Отпускаю бугра и сползаю. Загребаю снег и сую в рот. Не глядя. Металлический привкус. Привкус крови. Снег пропитан кровью.
Три трупа.
Дятлов будет доволен.
Взгляд на трансформаторную будку с черепом, молнией и грозным предупреждением: «Не влезай! Убьёт!»
Всё так спутано…
И Дятлов доволен, хотя выслушивает хмуро, брезгливо оттопырив губу. Папироса забывчиво дымится между пальцами, сжатой в кулак руки. Так и чудится – размахнется и жахнет по рапорту со всего маху. Только искры в стороны. Но другая рука расслаблена. Указательный постукивает по столешнице. Тук-тук, тук-тук, тук-тук.

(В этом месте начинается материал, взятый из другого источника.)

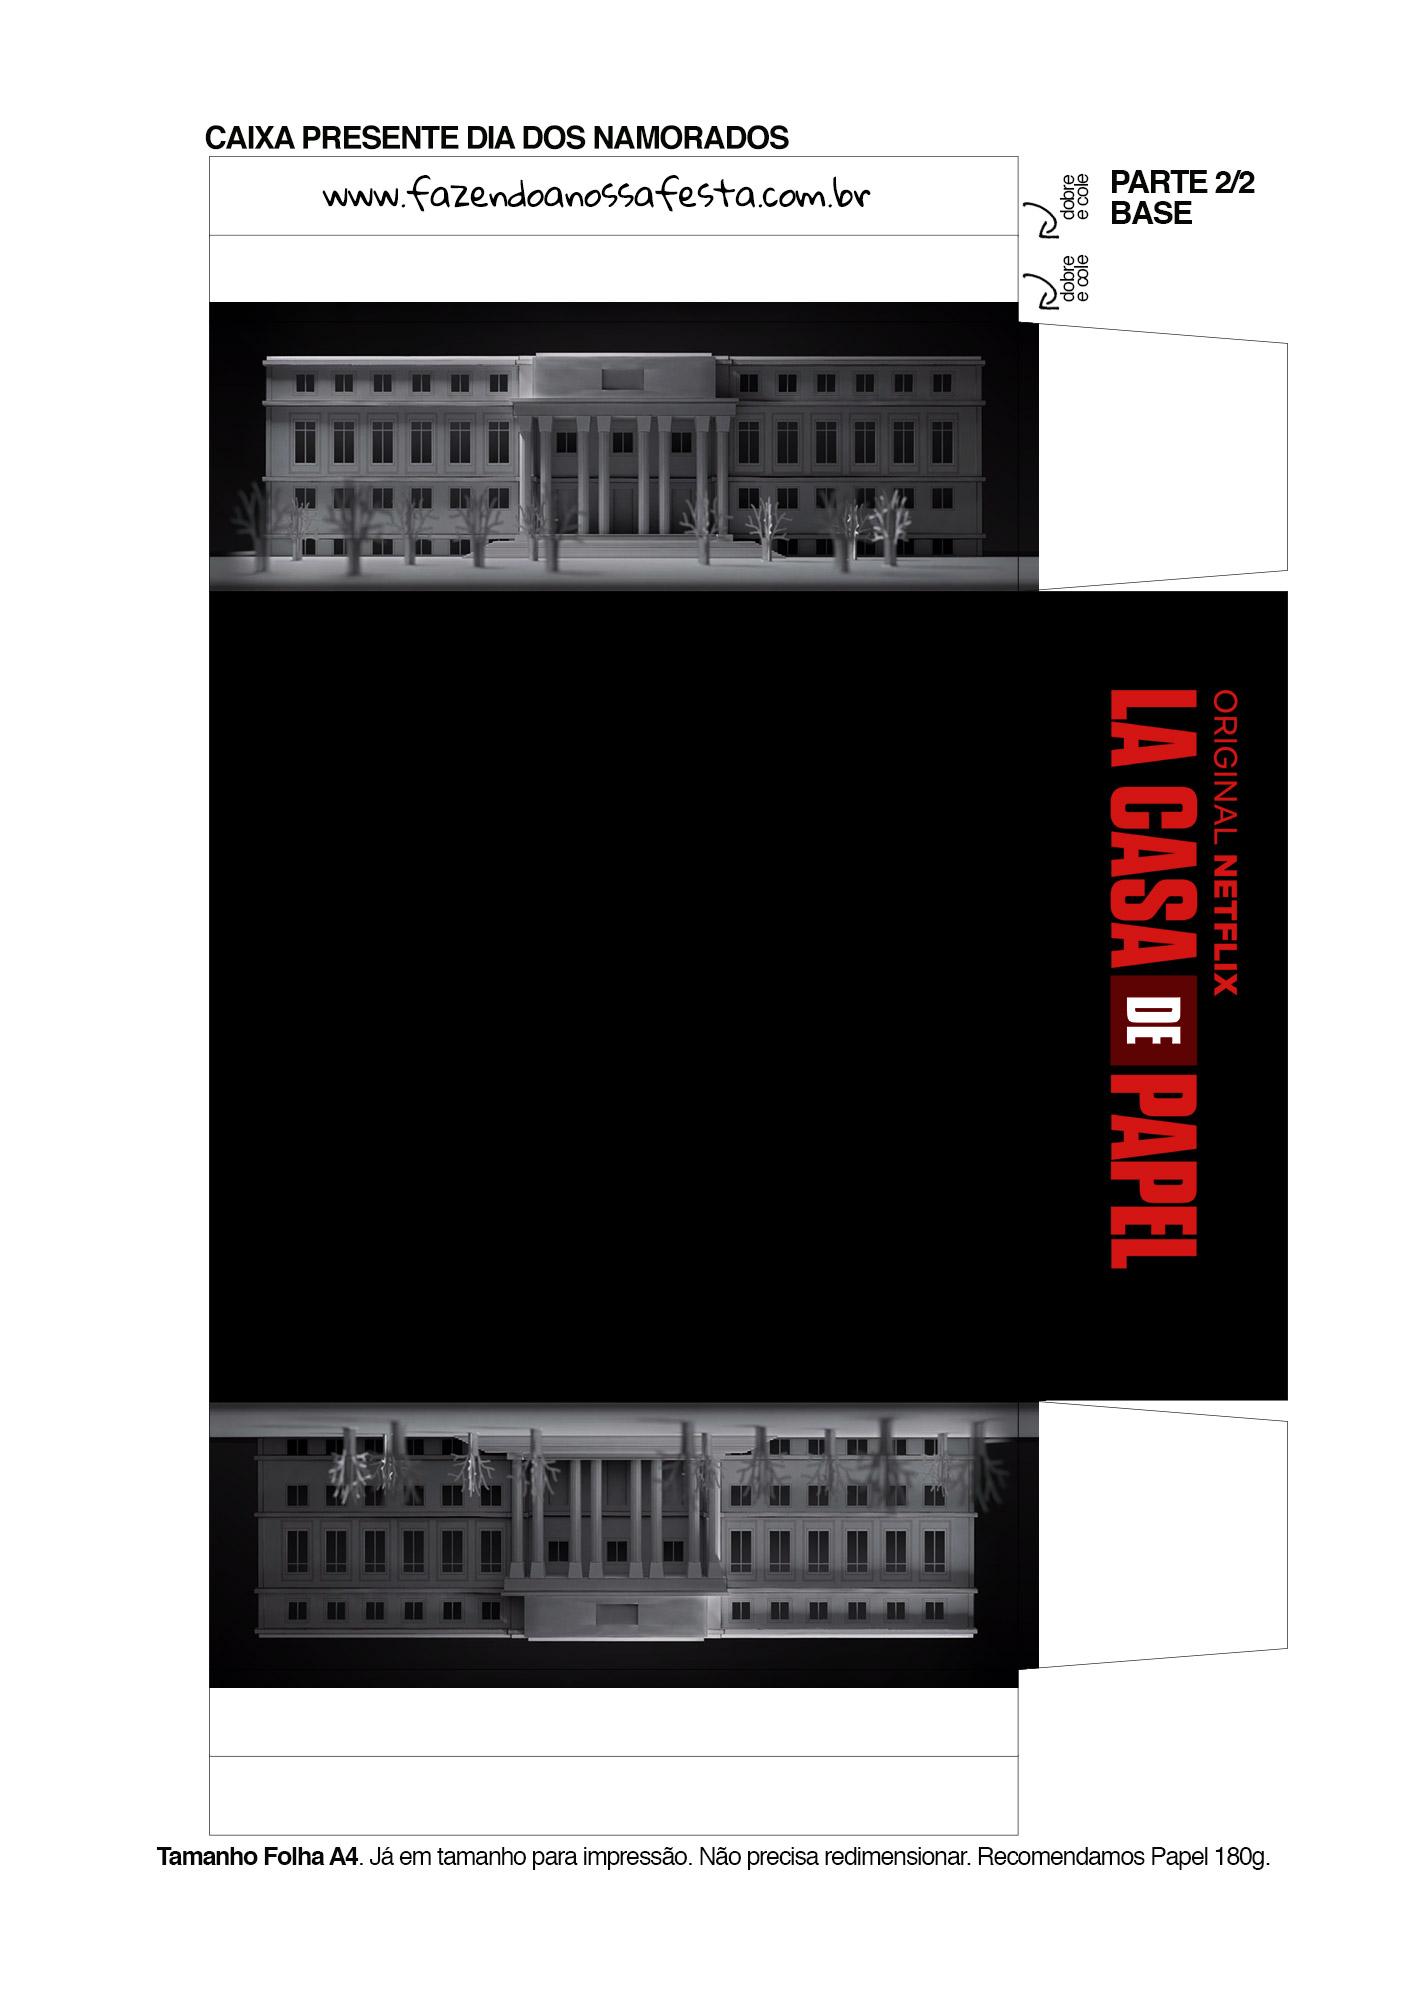 Caixa Brigadeiro La Casa de Papel la casa de papel 3

– Еще раз, – требует Дятлов. – От начала и до конца со всеми подробностями. Самыми мельчайшими. Физиологическими.
Не удивляюсь. Его стиль. Пишется рапорт. Затем – устный доклад. Затем доклад повторяется. Еще и еще. До изнеможения, когда память окончательно сдается и щедро высыпает до того скрываемые подробности, о которых забываешь. Но, надо же, – вот они! Последнее усилие – самое продуктивное. Все остальное – подготовка, подход.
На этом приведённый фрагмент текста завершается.